>>>>>

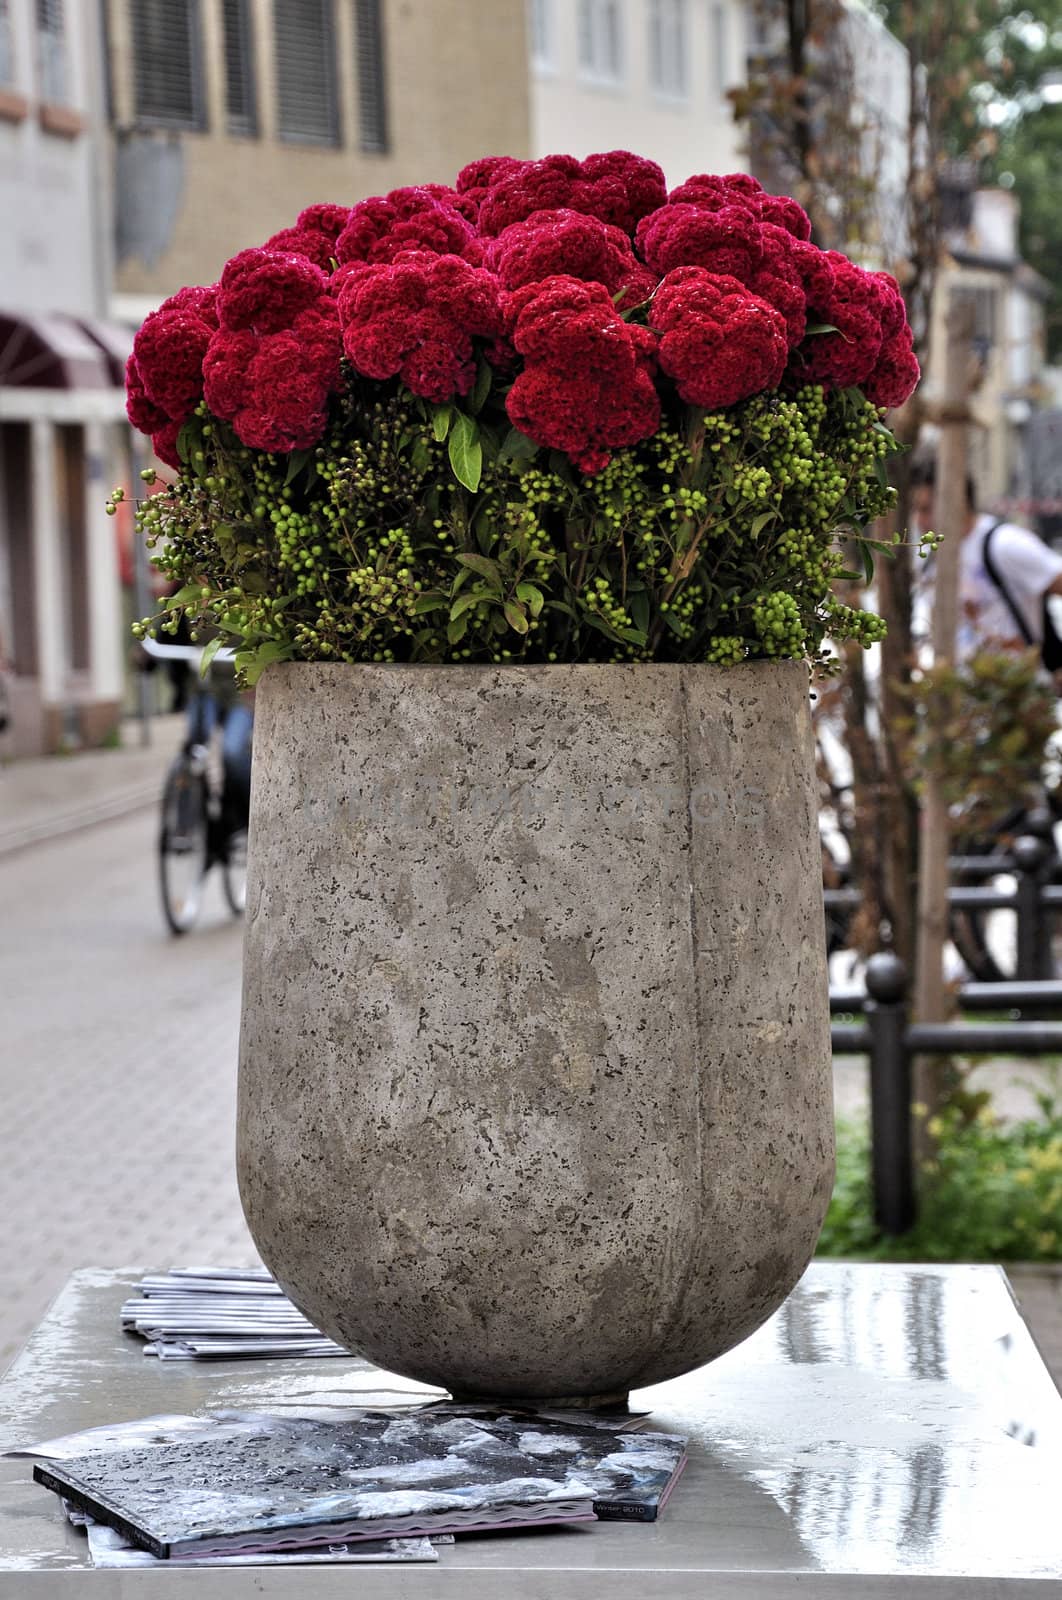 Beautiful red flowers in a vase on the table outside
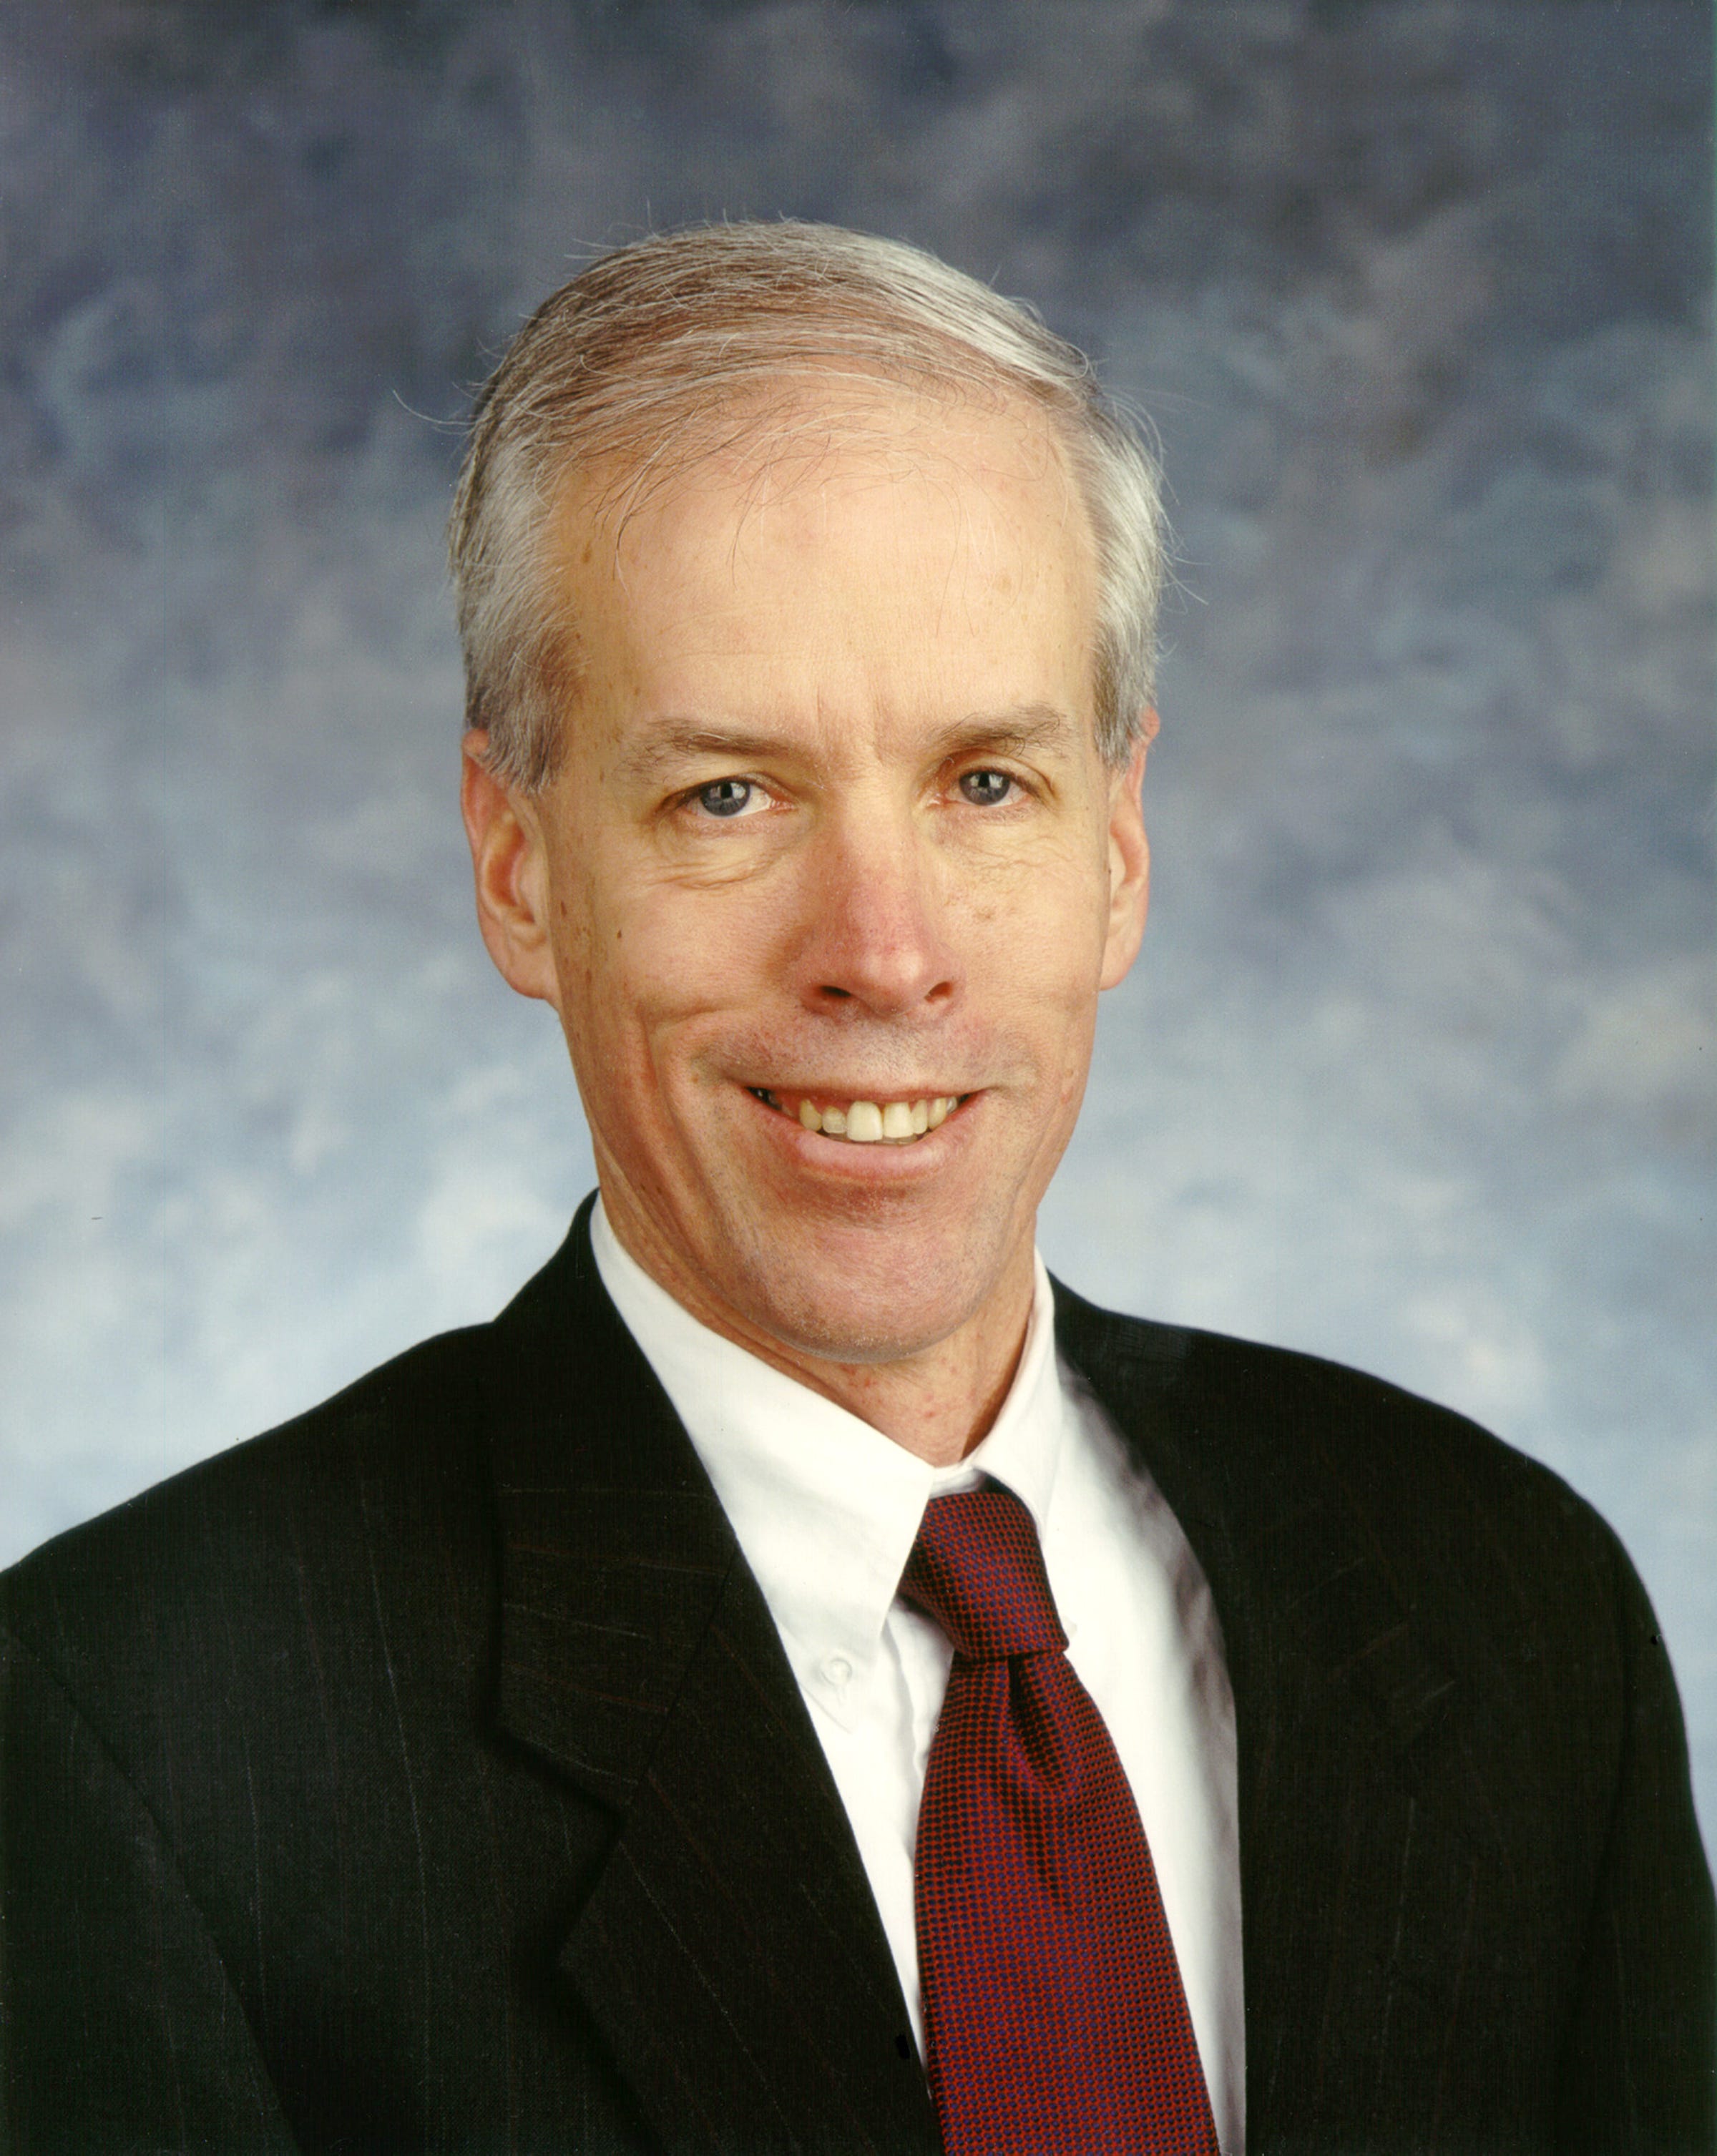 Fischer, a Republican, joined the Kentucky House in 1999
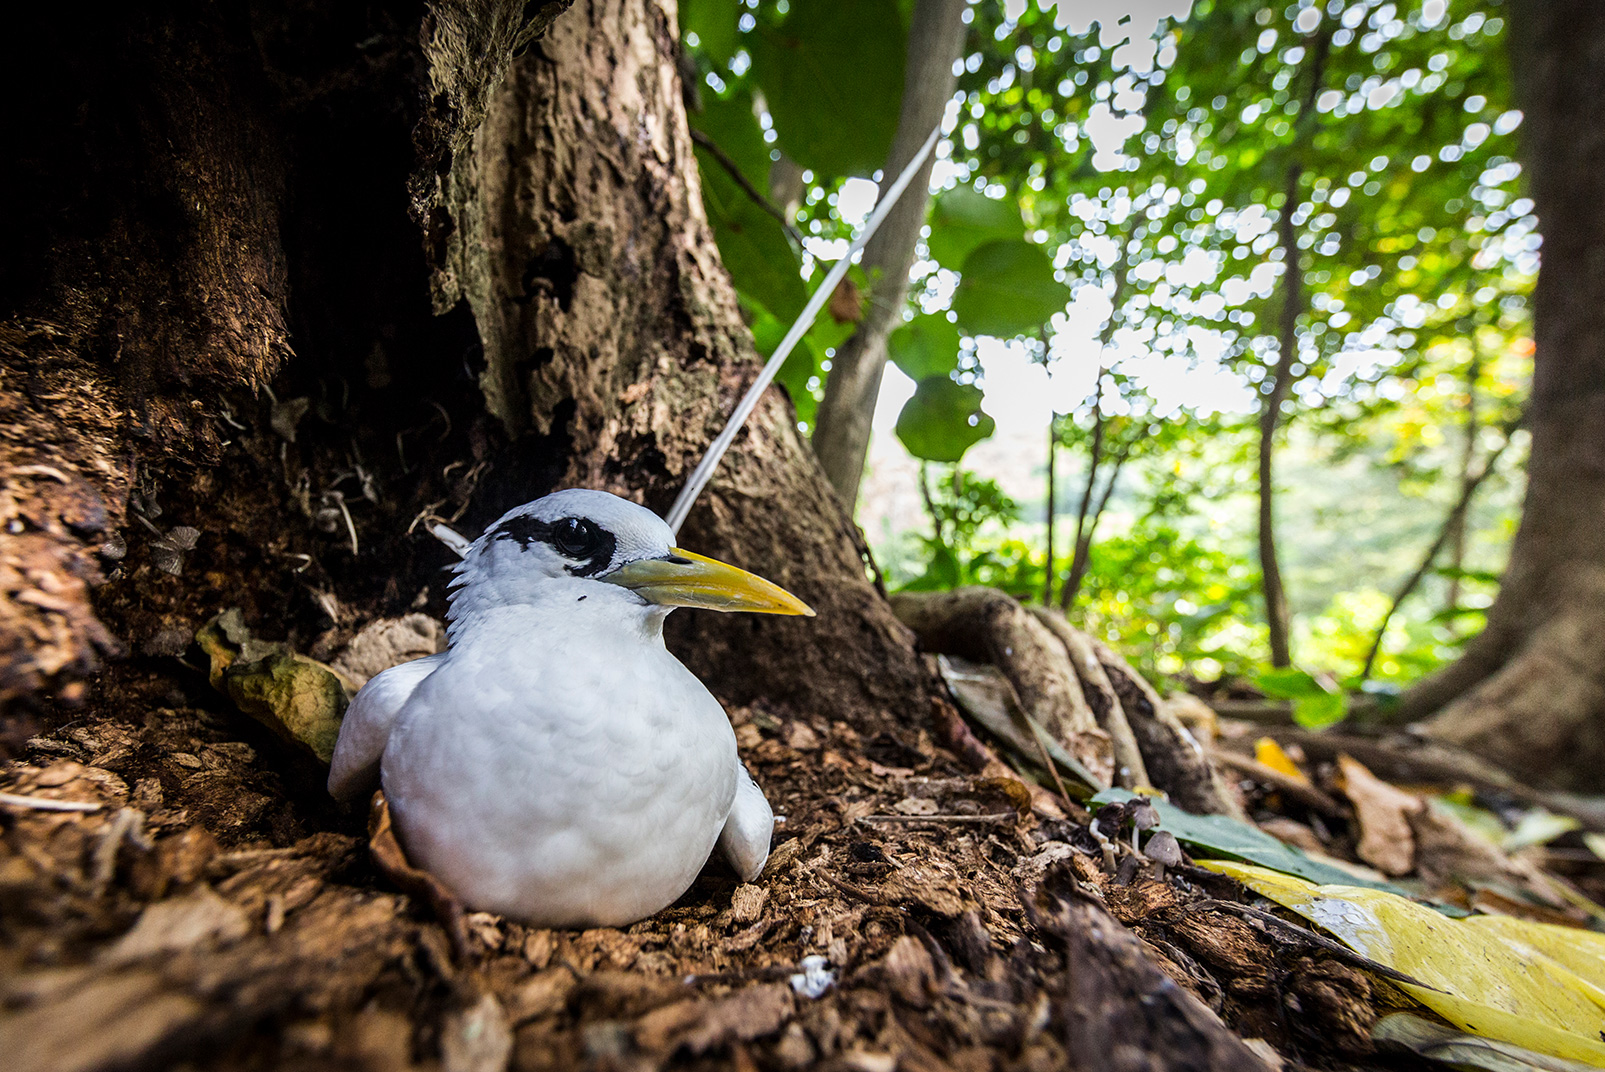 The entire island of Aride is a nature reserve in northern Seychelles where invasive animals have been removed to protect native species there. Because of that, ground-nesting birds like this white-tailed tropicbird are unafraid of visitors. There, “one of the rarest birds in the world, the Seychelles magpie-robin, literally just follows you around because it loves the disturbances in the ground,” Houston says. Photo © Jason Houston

<<<<<

• Exercise description:
The pictures in the data should be omitted, and every remaining line set down exactly.

• Response below:
 Beautiful red flowers in a vase on the table outside
 Fischer, a Republican, joined the Kentucky House in 1999
 The entire island of Aride is a nature reserve in northern Seychelles where invasive animals have been removed to protect native species there. Because of that, ground-nesting birds like this white-tailed tropicbird are unafraid of visitors. There, “one of the rarest birds in the world, the Seychelles magpie-robin, literally just follows you around because it loves the disturbances in the ground,” Houston says. Photo © Jason Houston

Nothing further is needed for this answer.